**DIRECTIONS FOR THIS TASK**
Your reply must contain the full listing below, reproduced exactly, but no pictures.

**RAW DATA**
==========

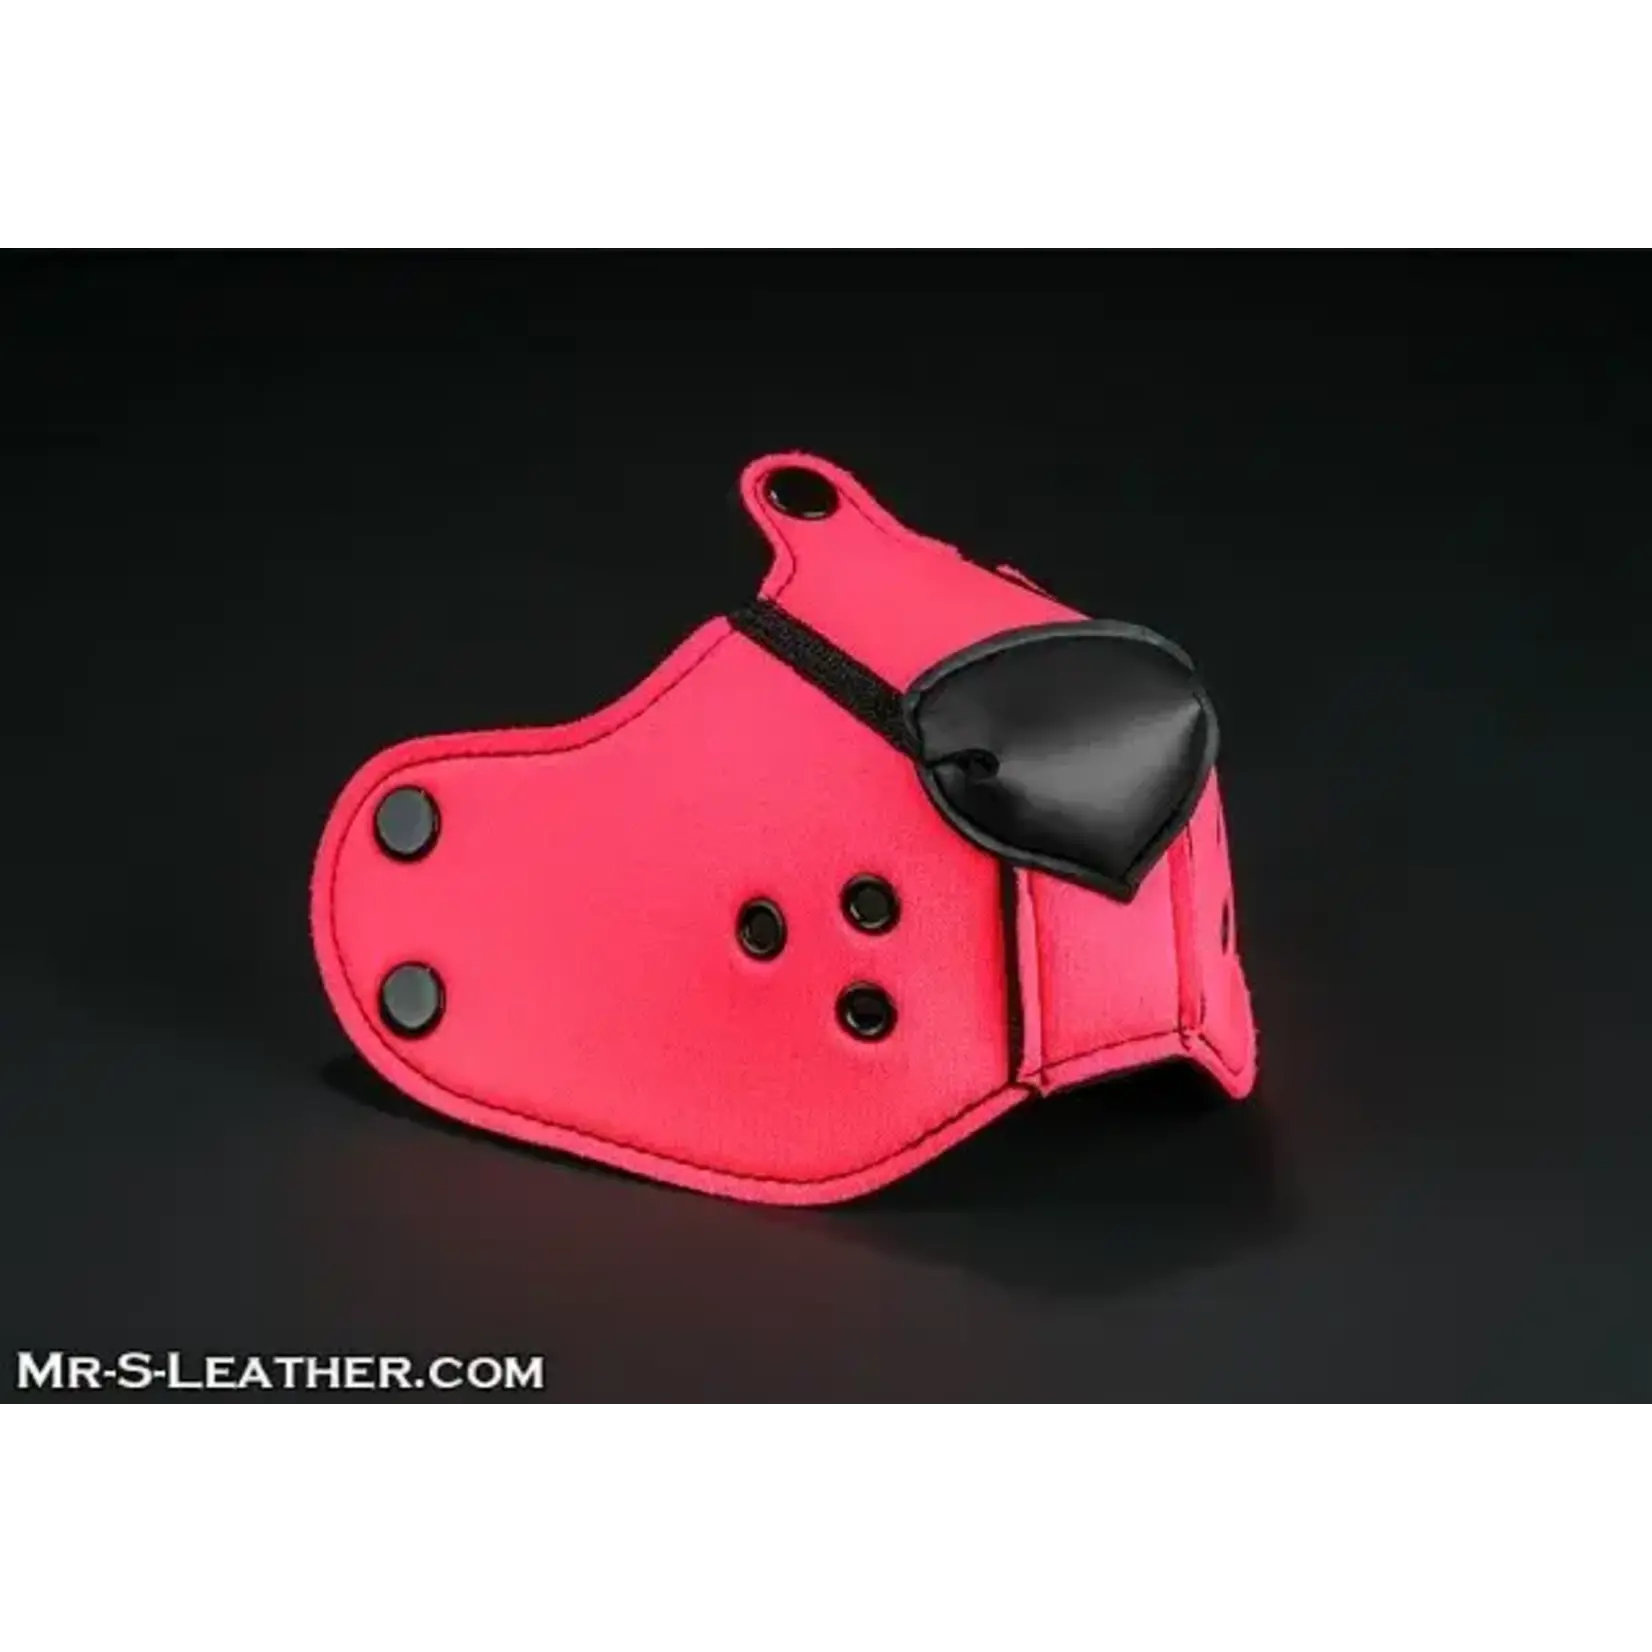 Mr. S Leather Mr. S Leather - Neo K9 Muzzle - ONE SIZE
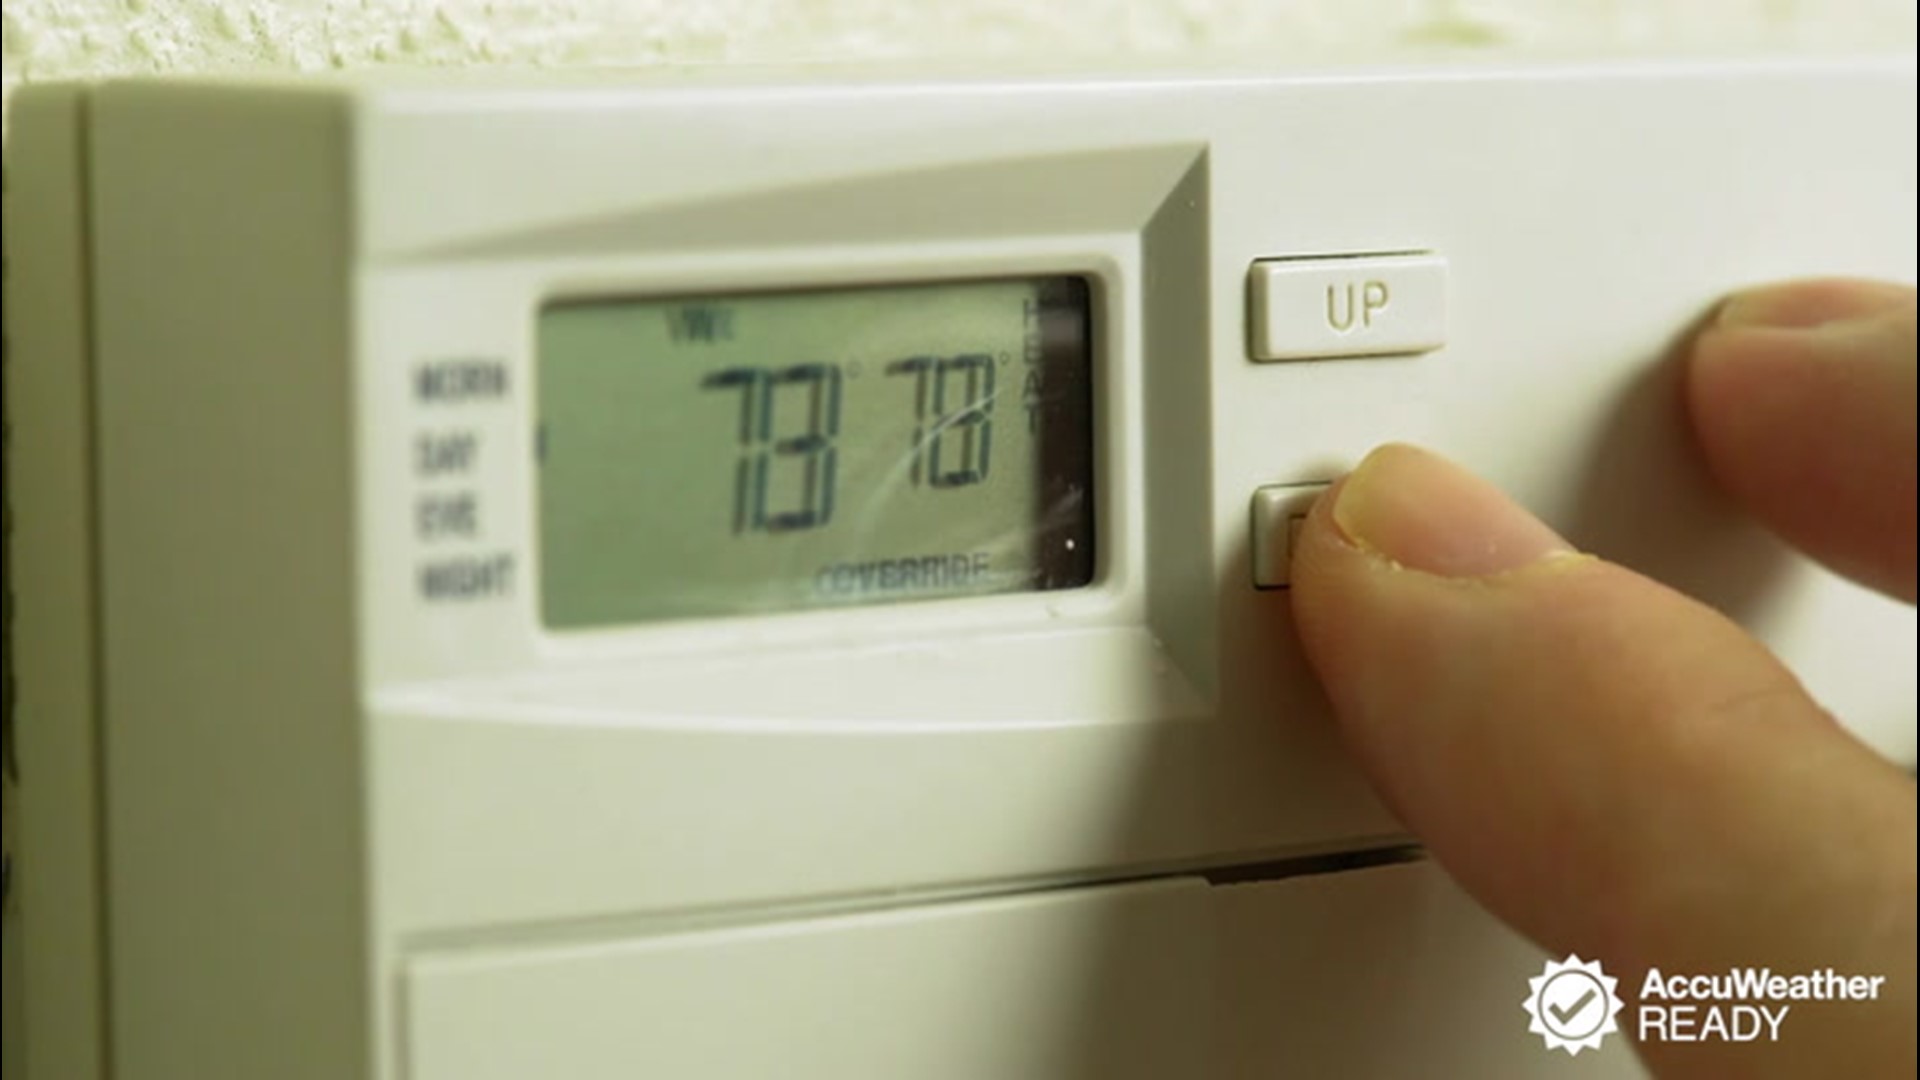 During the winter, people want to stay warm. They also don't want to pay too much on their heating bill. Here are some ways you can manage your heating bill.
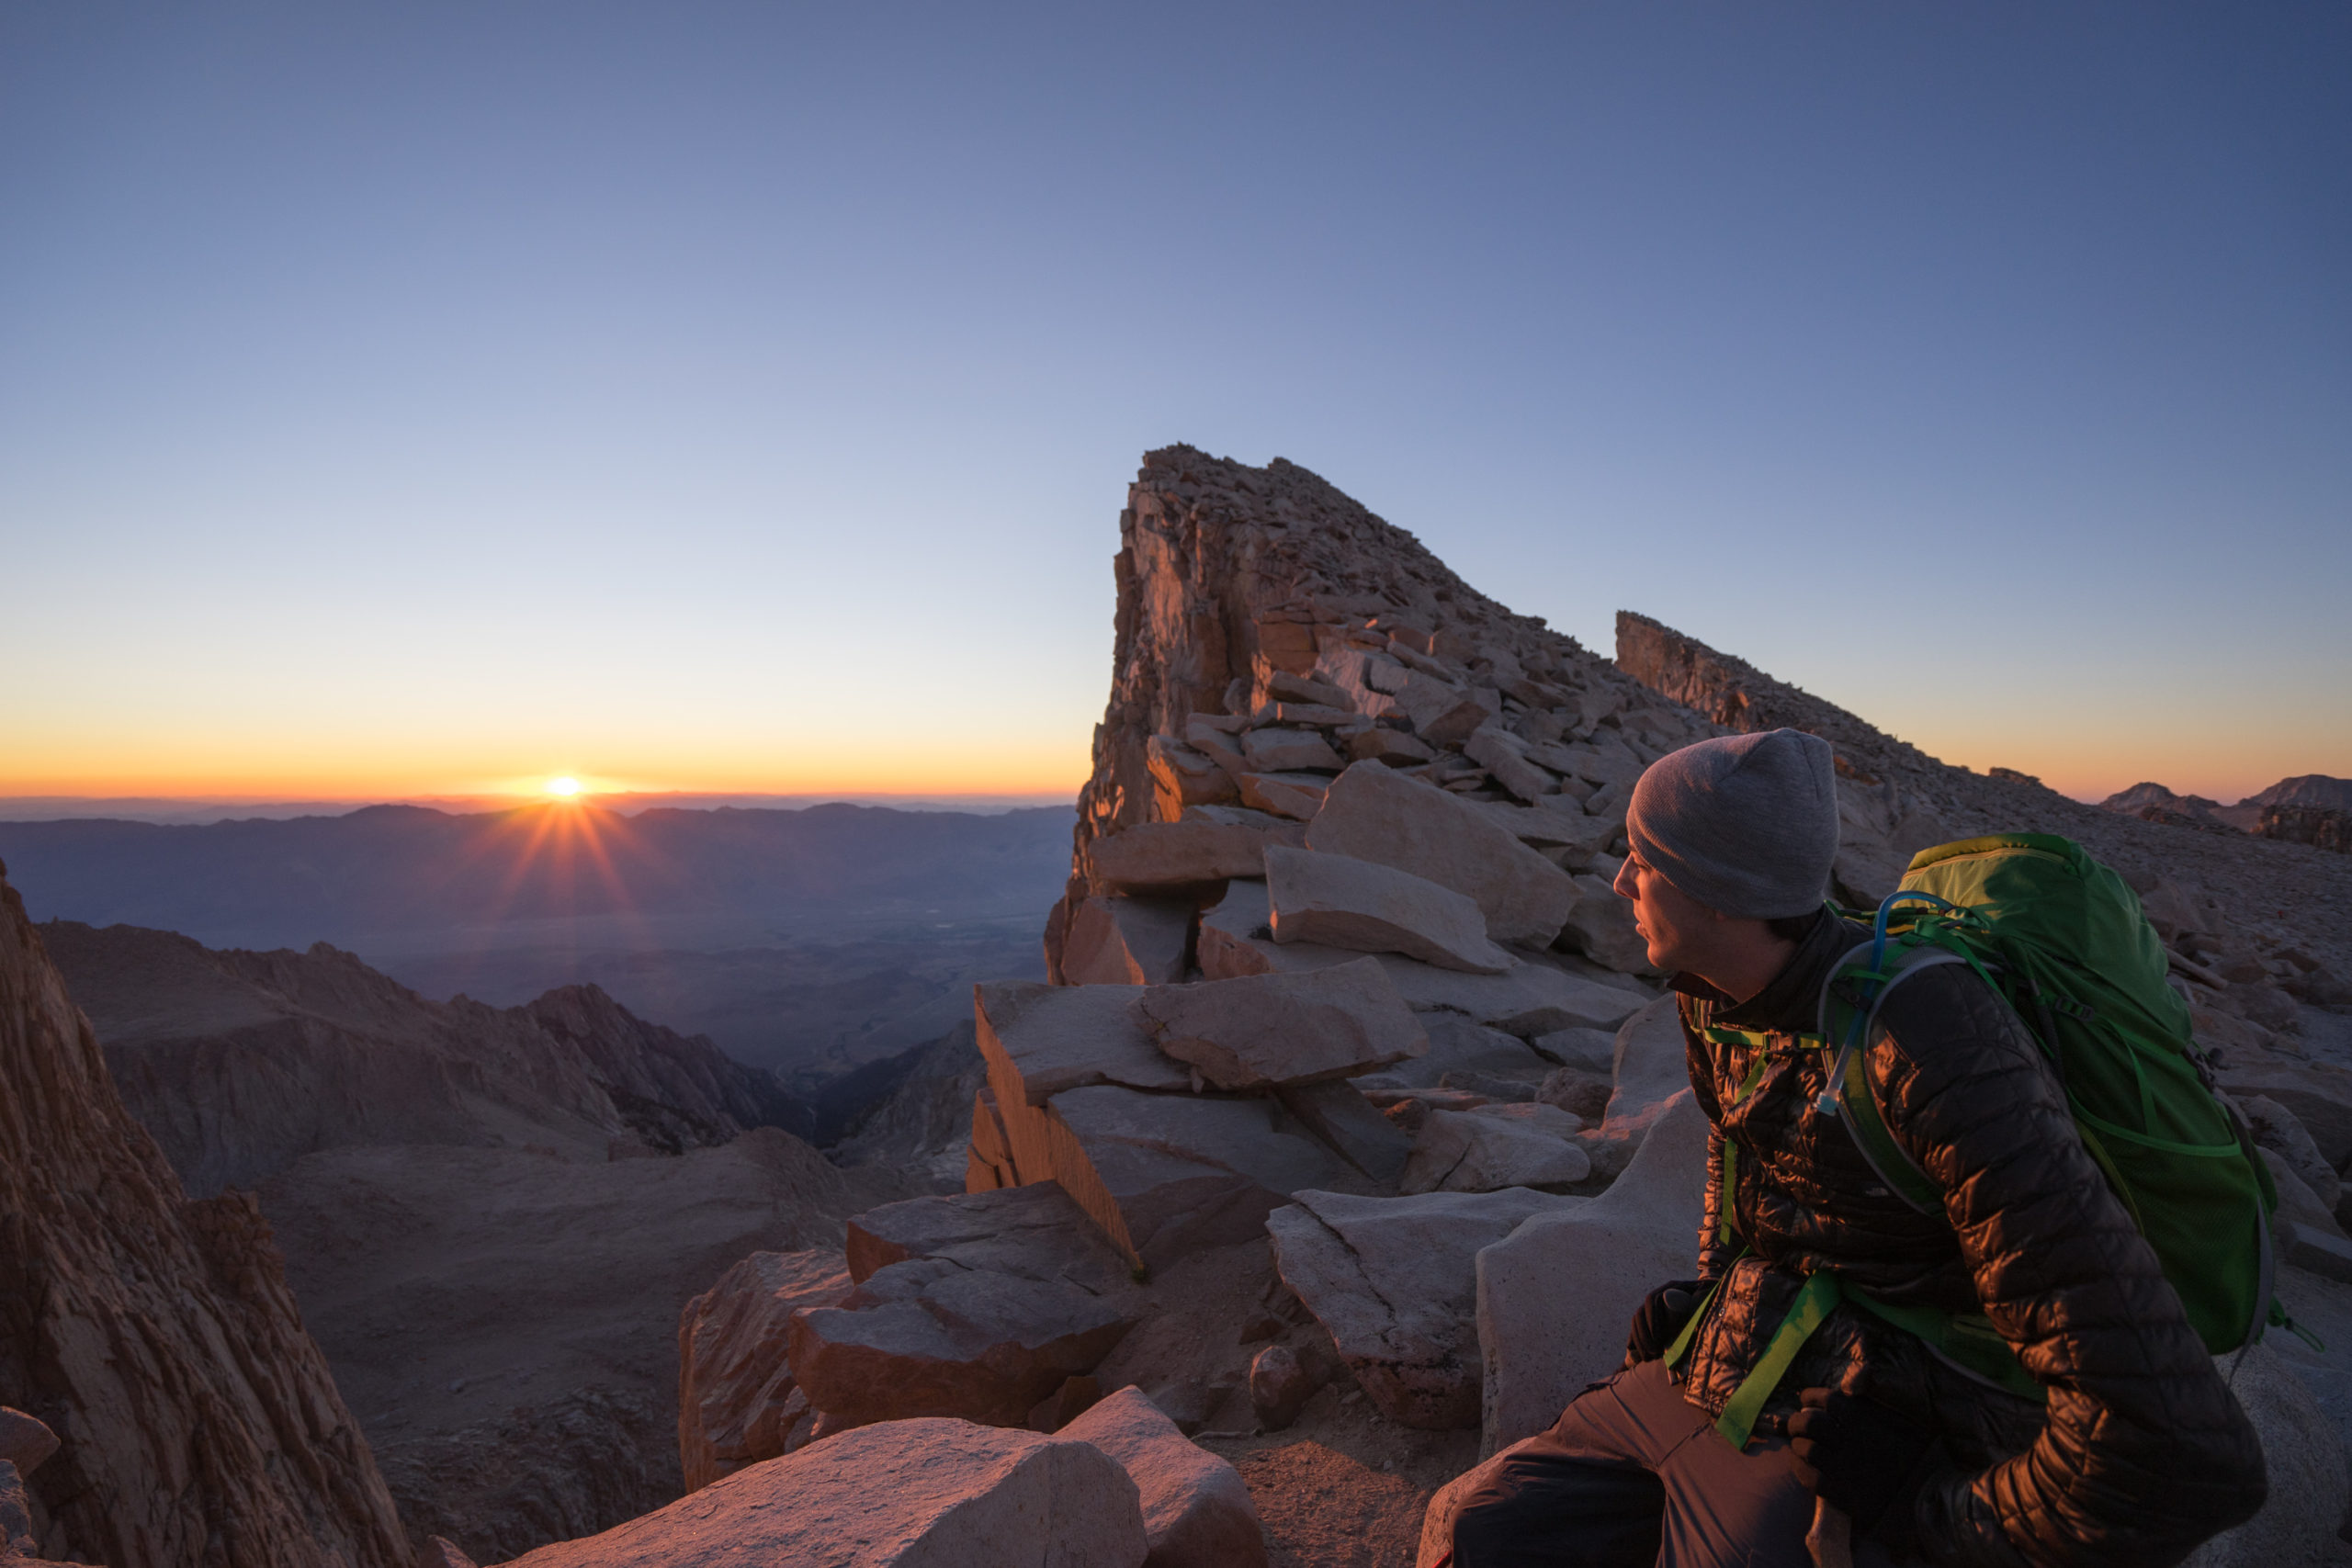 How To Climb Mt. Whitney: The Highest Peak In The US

==========

**REPLY TO THE TASK**
 Mr. S Leather Mr. S Leather - Neo K9 Muzzle - ONE SIZE
 During the winter, people want to stay warm. They also don't want to pay too much on their heating bill. Here are some ways you can manage your heating bill.
 How To Climb Mt. Whitney: The Highest Peak In The US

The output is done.